In the present work, the AISI 316L stainless steel was treated by various duplex treatments consisting of USP or HCPEB followed by Plasma Nitriding. The evolutions of the structure in the nanocrystalline surfaces and sub-surfaces were analyzed at the light of a quantitative analysis of the deformed state using a recently developed procedure based on the analysis of Geometrically Necessary Dislocation (GND) obtained from EBSD orientation maps [3]. This procedure, which was initially developed to study quantitatively the surface and sub-surface microstructural changes issued from USP, is here extended to the analysis of these duplex treatments. The structure and properties of the nanostructured nitrided surfaces will be detailed and the effect of the processing conditions discussed. The comparative effectiveness of the various duplex treatments in terms of surface and subsurface hardening as well as corrosion resistance will be highlighted.

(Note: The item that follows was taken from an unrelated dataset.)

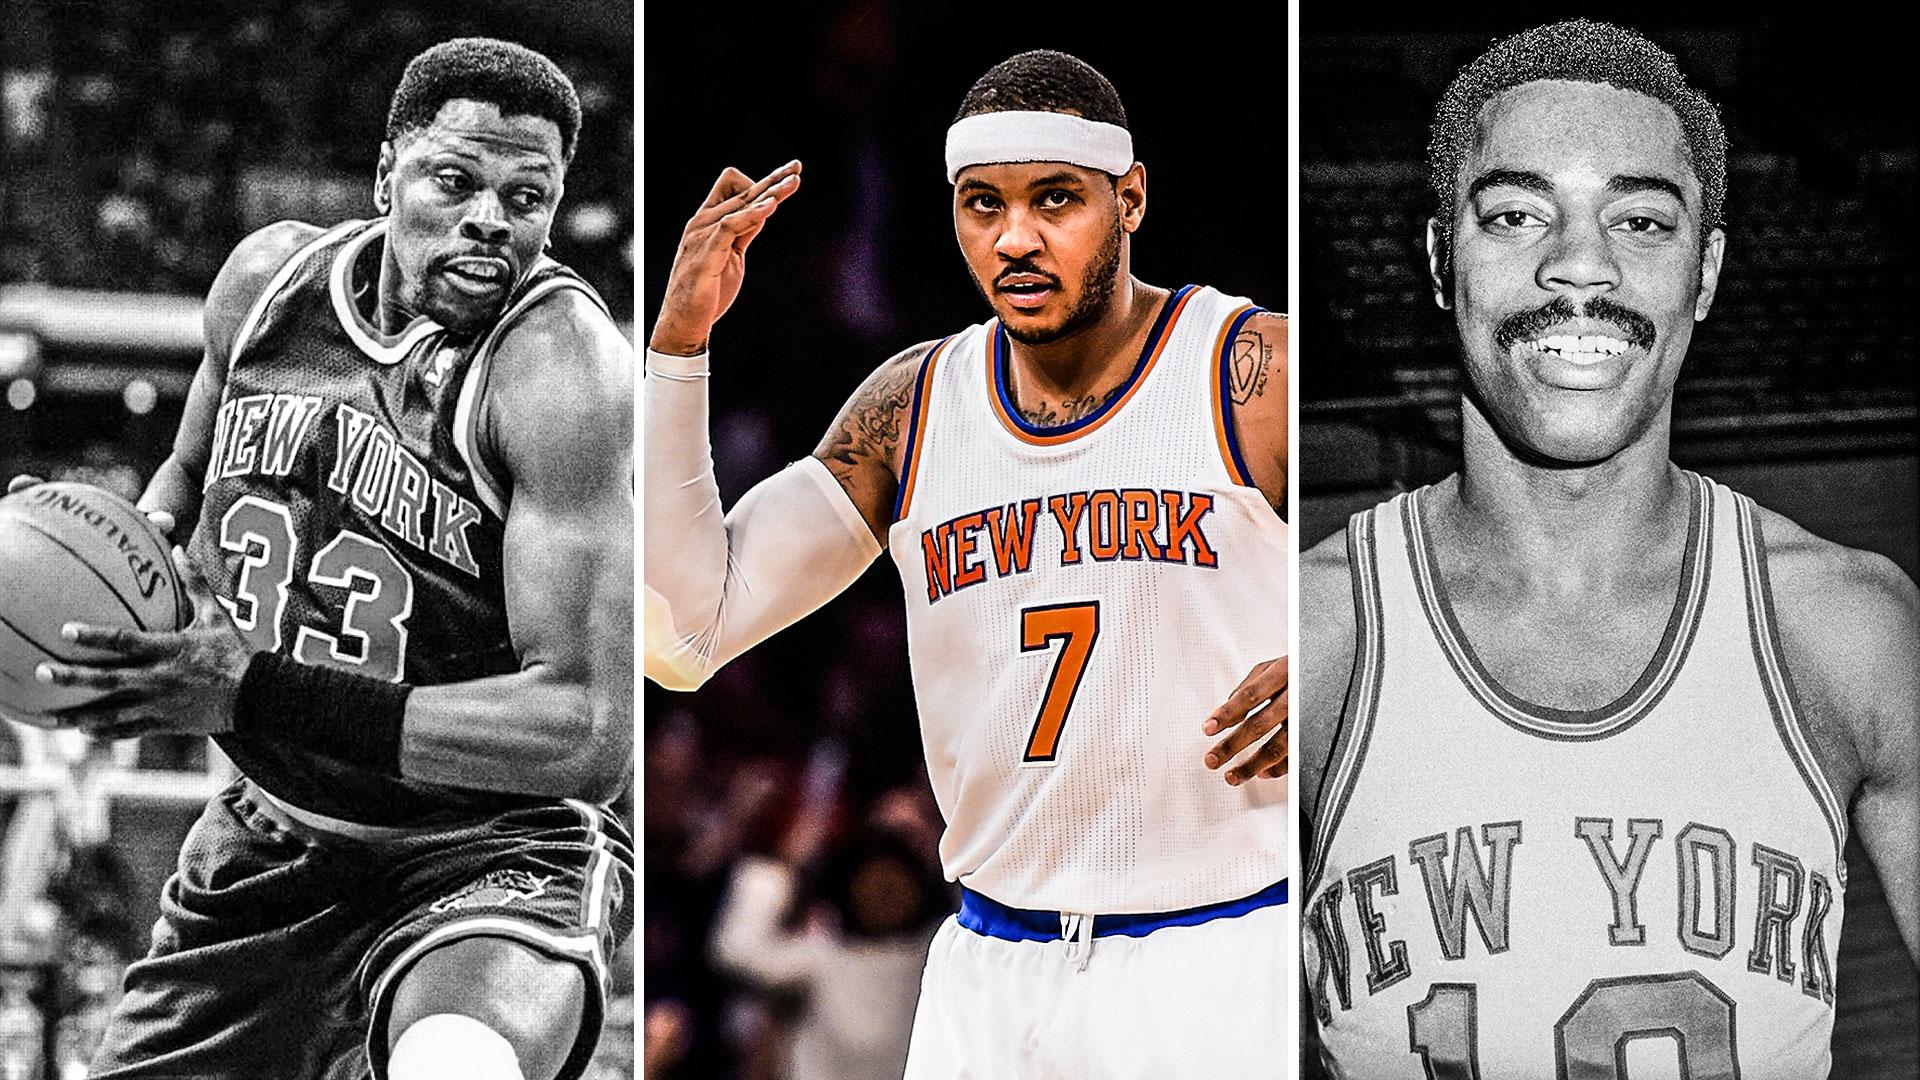 New York Knicks: All-time New York Knicks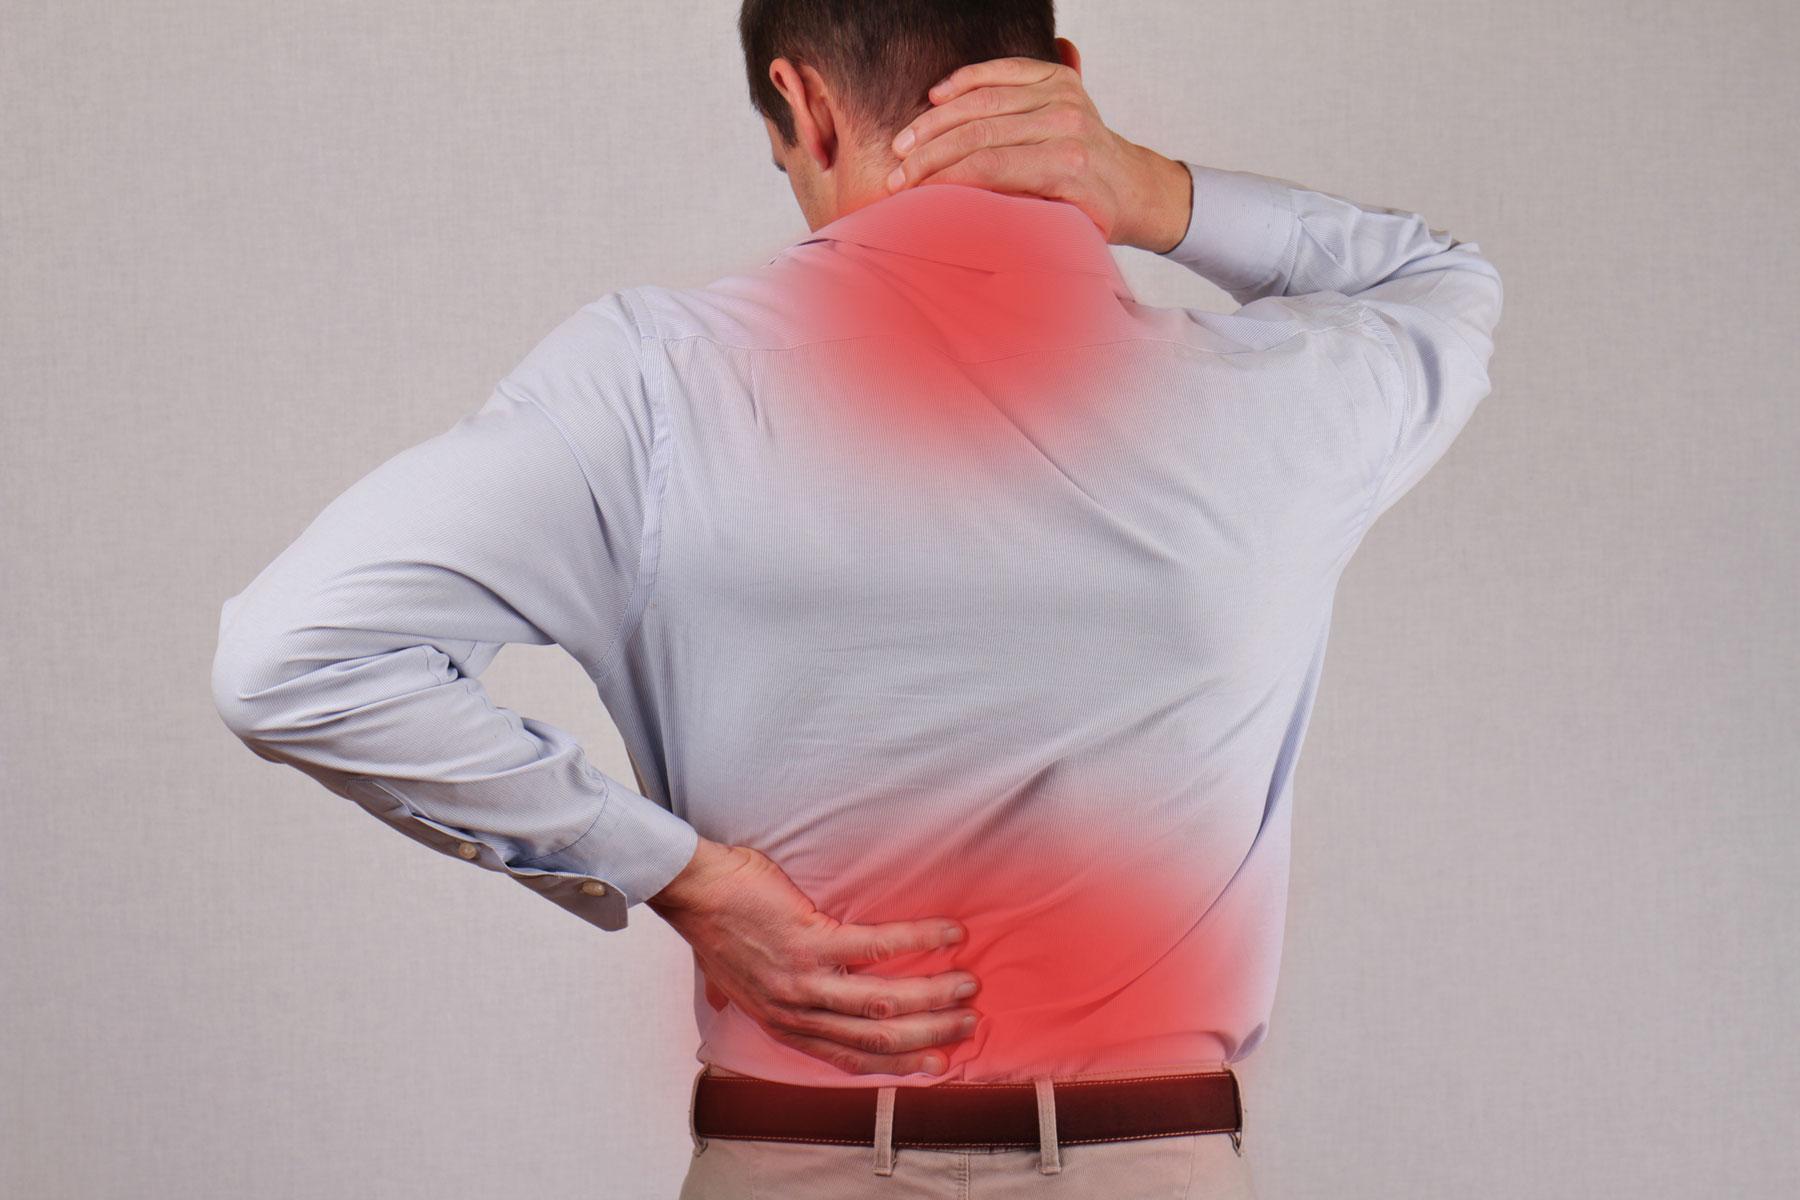 Facet Syndrome in Phoenix & Mesa - Whiplash

[1] Lu K, Lu J. Nanostructured surface layer on metallic materials induced by surface mechanical attrition treatment. Mater Sci Eng A-Struct Mater Prop Microstruct Process 2004;375:38–45.

[2] Zou J, Grosdidier T, Zhang K, Dong C. Mechanisms of nanostructure and metastable phase formations in the surface melted layers of a HCPEB-treated D2 steel. Acta Mater 2006;54:5409–19.

[3] Samih Y, Beausir B, Bolle B, Grosdidier T. In-depth quantitative analysis of the microstructures produced by Surface Mechanical Attrition Treatment (SMAT). Materials Characterization 2013;83:129–38.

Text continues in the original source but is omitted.